**Exercise details**
From the first line to the last, restate the material word for word, omitting pictures.

**Collected material**
━━━━

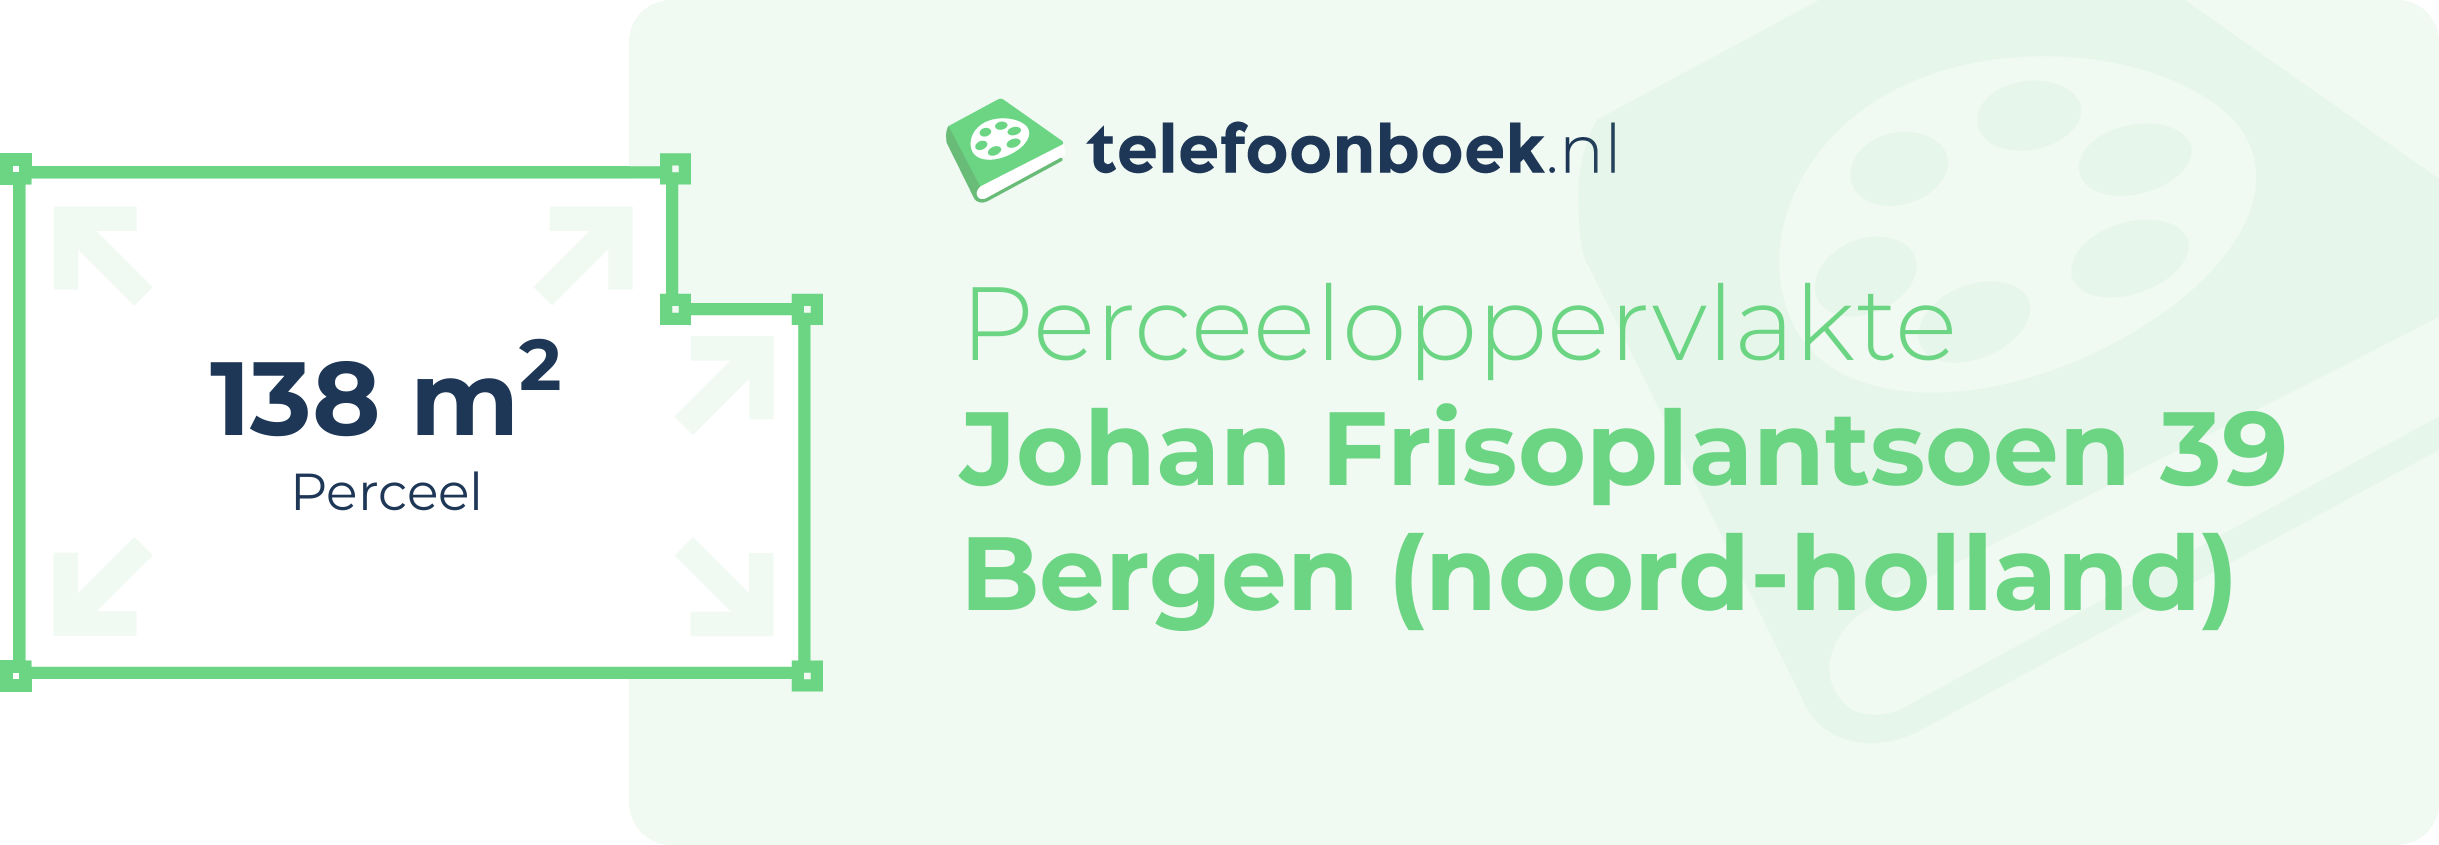 Perceeloppervlakte Johan Frisoplantsoen 39 Bergen (Noord-Holland)
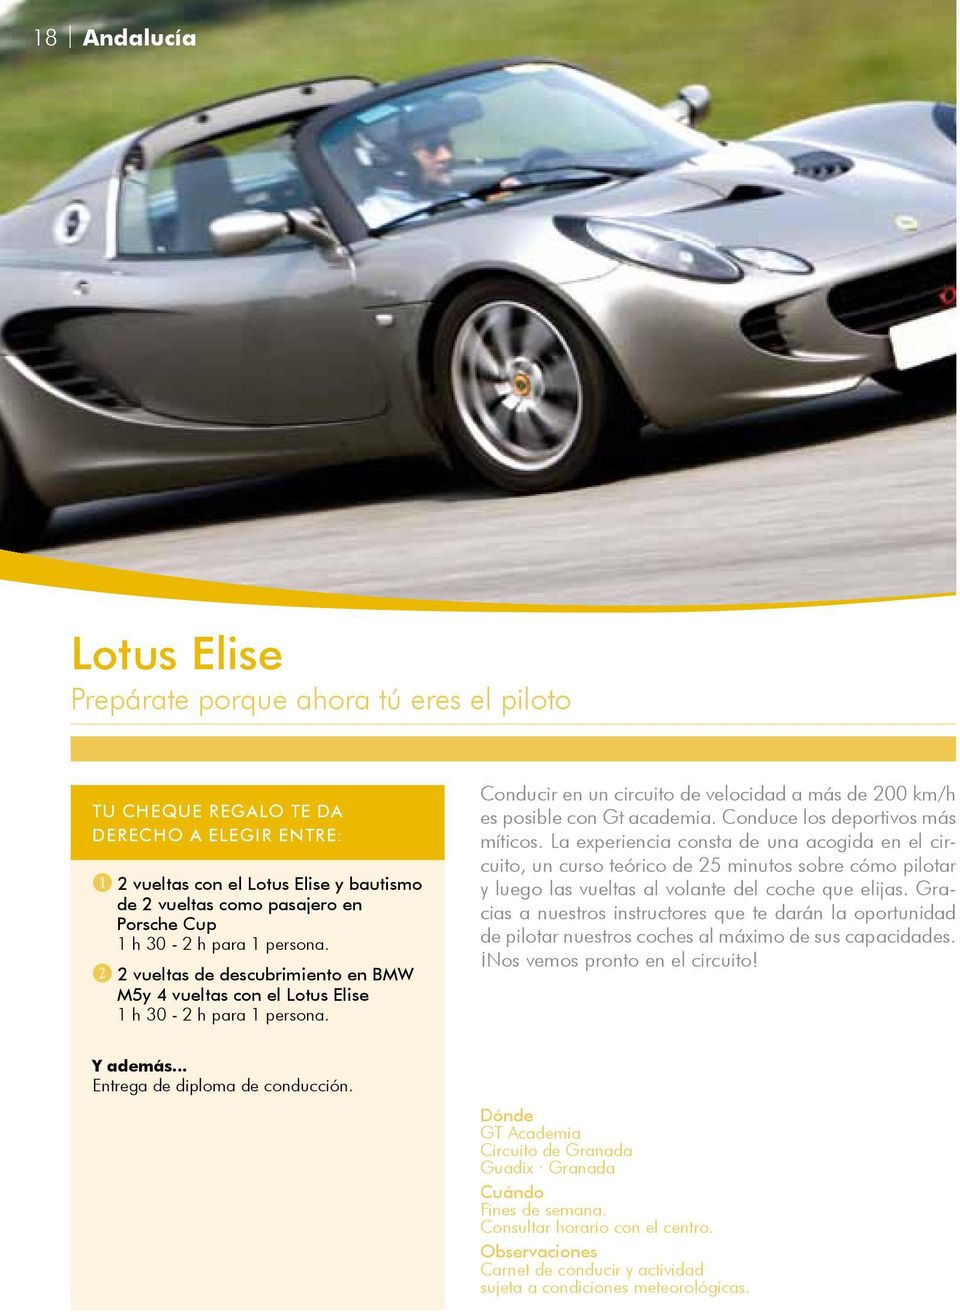 C 2 vueltas de descubrimiento en BMW M5y 4 vueltas con el Lotus Elise 1 h 30-2 h para 1 persona. Conducir en un circuito de velocidad a más de 200 km/h es posible con Gt academia.
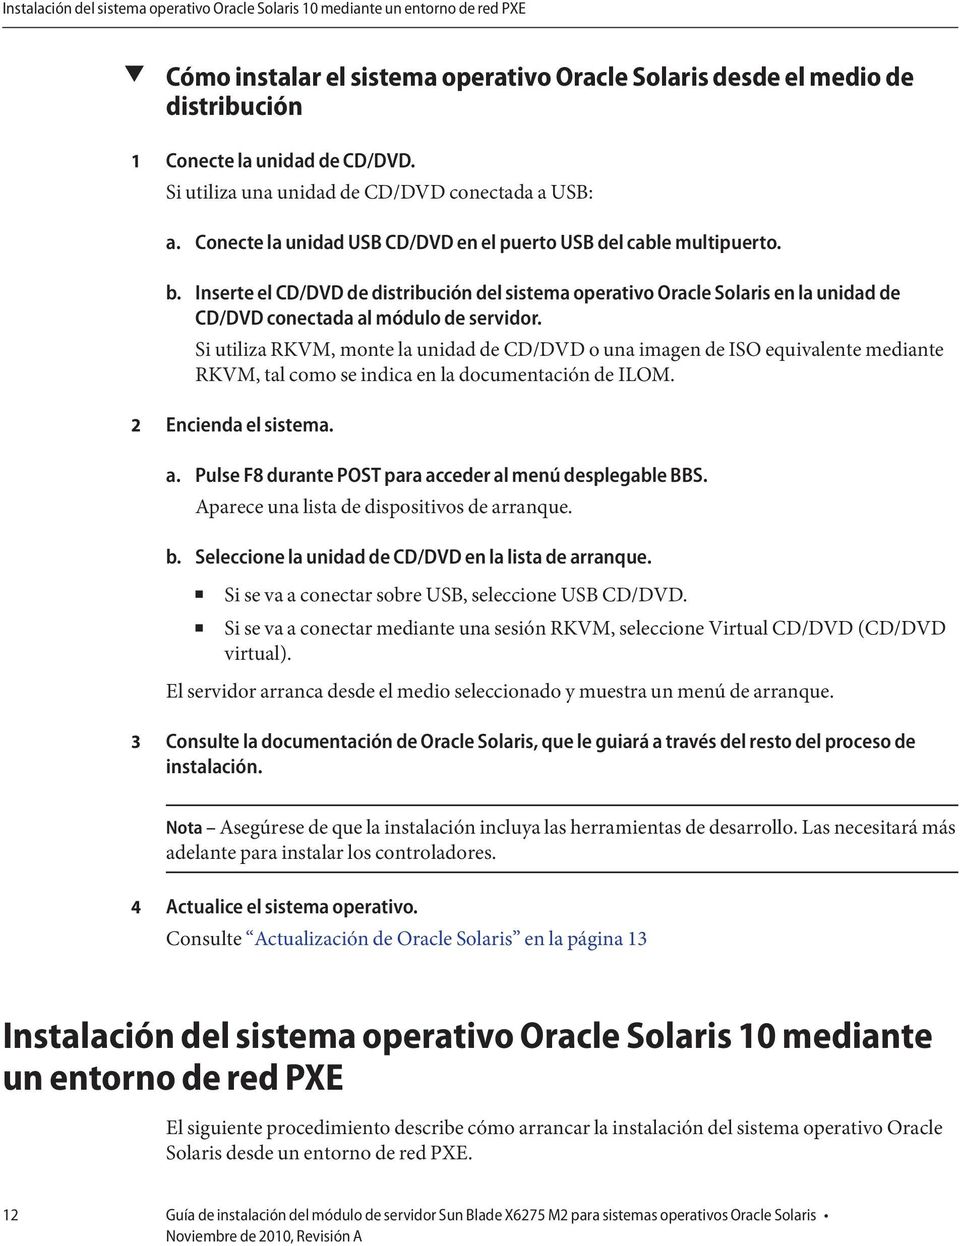 Inserte el CD/DVD de distribución del sistema operativo Oracle Solaris en la unidad de CD/DVD conectada al módulo de servidor.

━━━━

**Answer space**
 Perceeloppervlakte Johan Frisoplantsoen 39 Bergen (Noord-Holland)
 C 2 vueltas de descubrimiento en BMW M5y 4 vueltas con el Lotus Elise 1 h 30-2 h para 1 persona. Conducir en un circuito de velocidad a más de 200 km/h es posible con Gt academia.
 Inserte el CD/DVD de distribución del sistema operativo Oracle Solaris en la unidad de CD/DVD conectada al módulo de servidor.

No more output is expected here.